With the beginning of a new school year right around the corner, many children will be depending on snacks to get them through the day.

 

It’s always good to start the day with a healthy breakfast, and schools provide a healthy lunch. However, between sports practices, club meetings, completing homework assignments and other after-school activities, snacks can help students make it through the day without feeling hungry, said Jenni Klufa, Oklahoma State University Extension associate state specialist for youth programs.

 

“Our schedules can become very hectic once school resumes and most children will begin after-school snack routines,” Klufa said. “The purpose of snacks is to fill gaps in nutrition between meals, but oftentimes, snacks are treated as indulgences instead of healthy choices. While there’s nothing wrong with the occasional cookie or piece of candy, snacking is a good opportunity to eat nutrient-rich foods. Sweets should be the exception, not the rule.”

 

Students will need energy to get through after-school sports practices, band rehearsals and other activities. Snacks that include whole grains, are high in protein low in sugar and low in fat will provide the needed nutrients for students to thrive. Choose fruits and vegetables that come in a variety of colors.

 

Parents of younger students may be asked to sign up to bring snacks to school if the classrooms observe a morning or afternoon snack time. Klufa encourages them to choose healthier, less sugary options such as cheese sticks, trail mix, pretzels or even baby carrots and apple slices. 

 

“Healthy snacks during class will help keep the students focused on learning,” she said. “They burn up energy not only on the playground, but in the classroom as well. So, it’s important to keep students properly fed to enhance their learning experiences.”

 

It’s no secret that fresh fruit is a great choice for snacking. Fruits offer nutrient-dense calories, which means they are full of minerals and vitamins that we need without added or empty calories. Whole fruits such as apples and bananas are portable and can be tossed in a backpack. Peel oranges ahead of time to make them even easier to consume while students are on the go. 

 

“For an extra kick of nutrition, include a pack of nut butter to go along with the fruit. This will help ensure your children have the fuel they need to perform at their after-school activities,” Klufa said.

 

When it comes to beverages, water is the best choice to stay hydrated during activity.
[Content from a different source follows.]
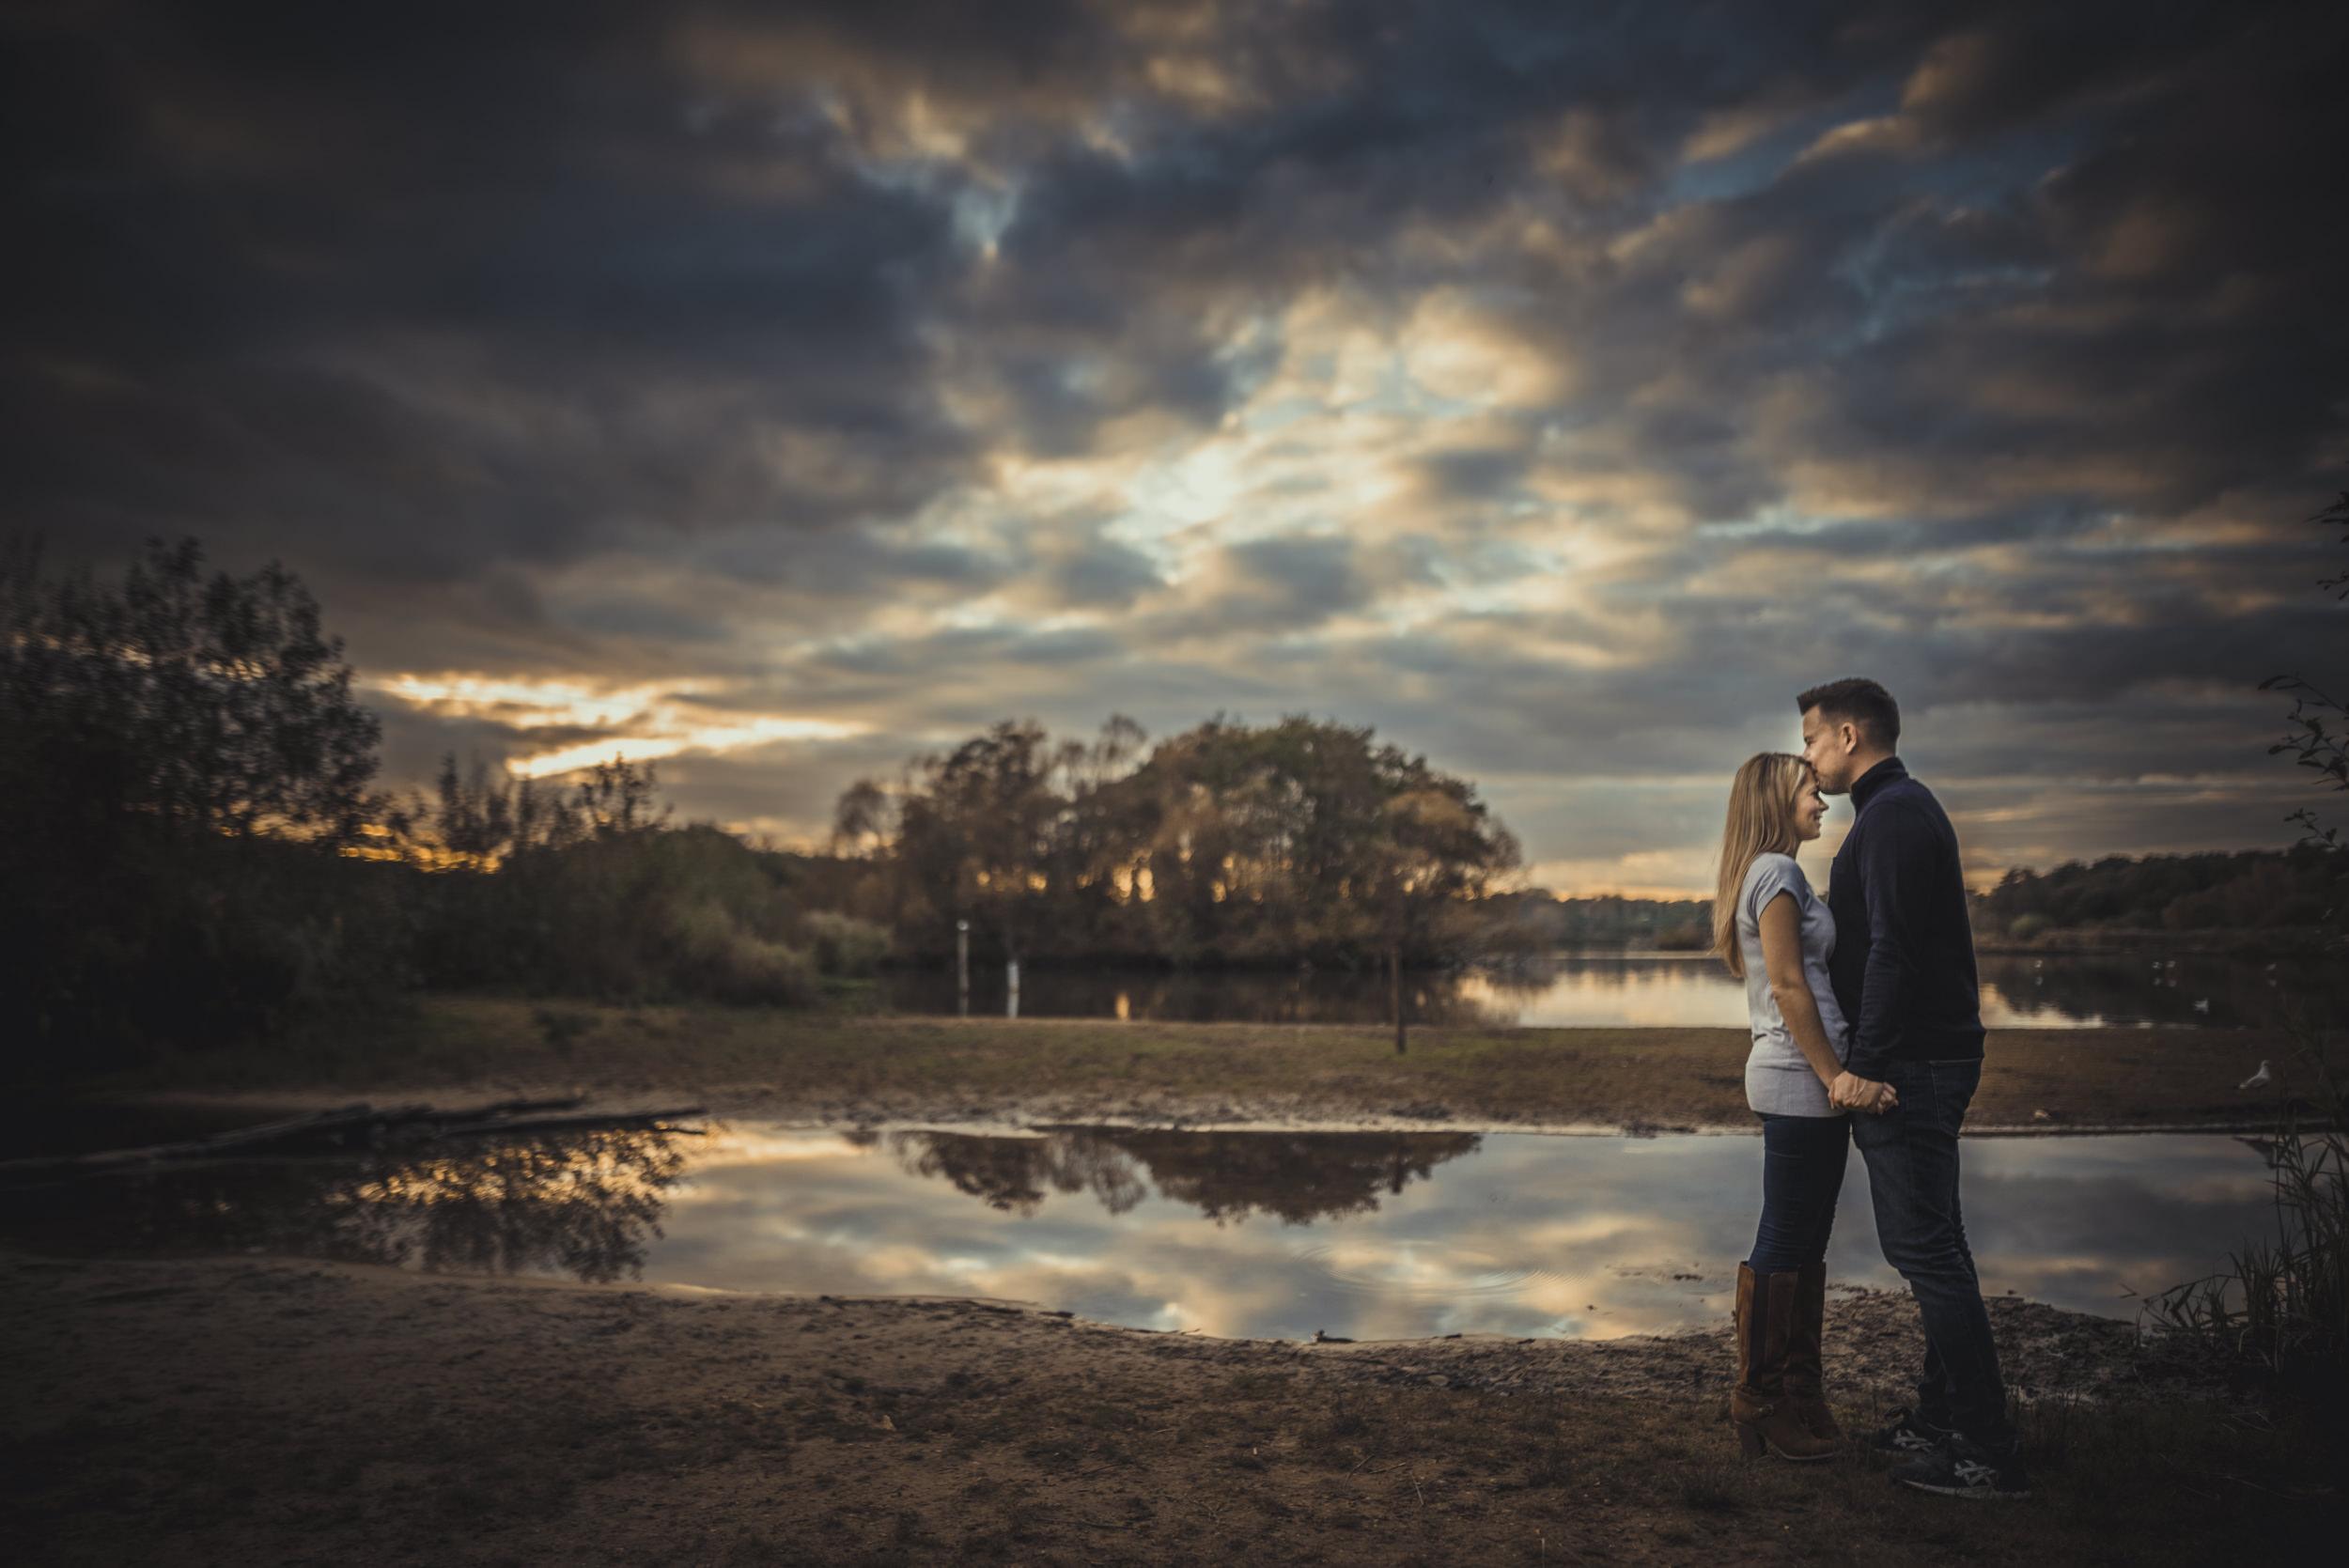 Sarah-and-Joe-Engagement-Session-Fleet-Pond-Manu-Mendoza-Wedding-Photography-024.jpg

Some 100% juice on occasion is fine but be aware of calories, especially in other sugary beverages. Children can easily consume a lot of extra calories and sugar just in their beverage choices.

 

Students who may not have after-school activities still are likely to need a snack to tide them over until dinner time. Make a list of healthy options and let the child choose which snacks to have at home. Whole-grain cereal bars, whole fruits and vegetables, string cheese, nuts and raisins are good choices. Make popsicles from 100% fruit juice or yogurt. Pretzel sticks or veggies dipped in hummus are also a great choice.

 

“Just like buying the right back-to-school supplies, be sure to stock the kitchen with healthy snack options,” Klufa said. “Parents can certainly make a difference if they are a good role model and make healthy food choices, too. Having healthy snacks for children is just one way to make sure they have a great school year.”